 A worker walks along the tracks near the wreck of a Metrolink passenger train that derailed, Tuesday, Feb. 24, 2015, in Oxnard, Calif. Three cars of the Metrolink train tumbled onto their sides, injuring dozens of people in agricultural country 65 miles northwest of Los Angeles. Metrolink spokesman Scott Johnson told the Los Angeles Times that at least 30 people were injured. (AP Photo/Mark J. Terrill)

* * *

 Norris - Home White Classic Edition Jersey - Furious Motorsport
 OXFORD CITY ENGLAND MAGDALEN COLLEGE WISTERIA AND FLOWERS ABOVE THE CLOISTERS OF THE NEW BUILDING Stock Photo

...

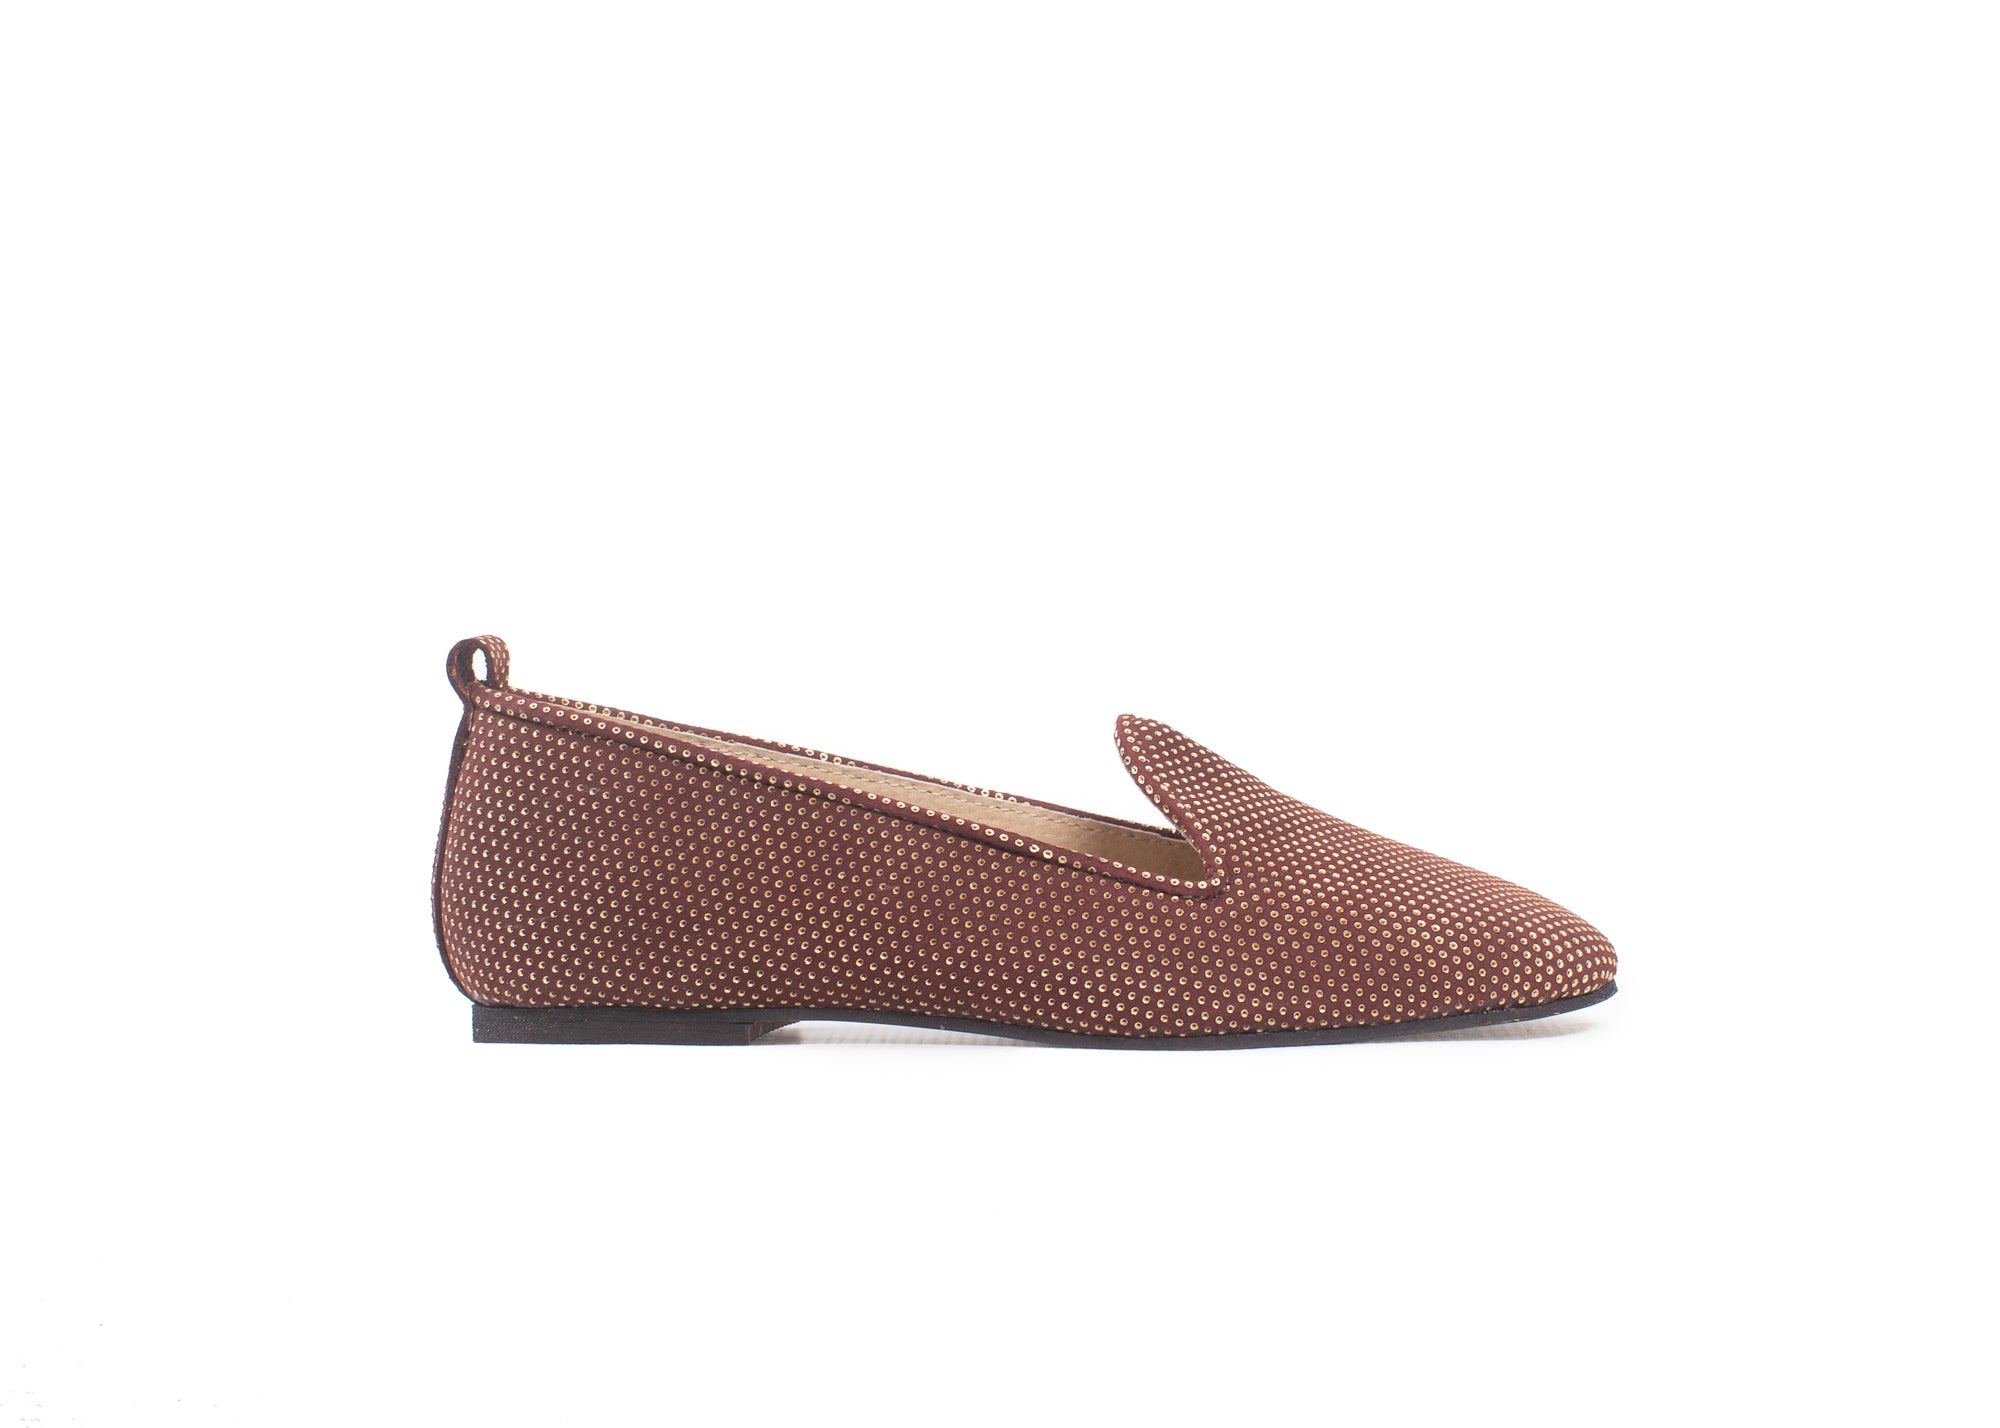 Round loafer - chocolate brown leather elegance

## [Exercise]
Among the records above, repeat exactly the line with "Norris - Home", the line with "OXFORD CITY ENGLAND", and every line in between, and only those.

## [Task response]
 Norris - Home White Classic Edition Jersey - Furious Motorsport
 OXFORD CITY ENGLAND MAGDALEN COLLEGE WISTERIA AND FLOWERS ABOVE THE CLOISTERS OF THE NEW BUILDING Stock Photo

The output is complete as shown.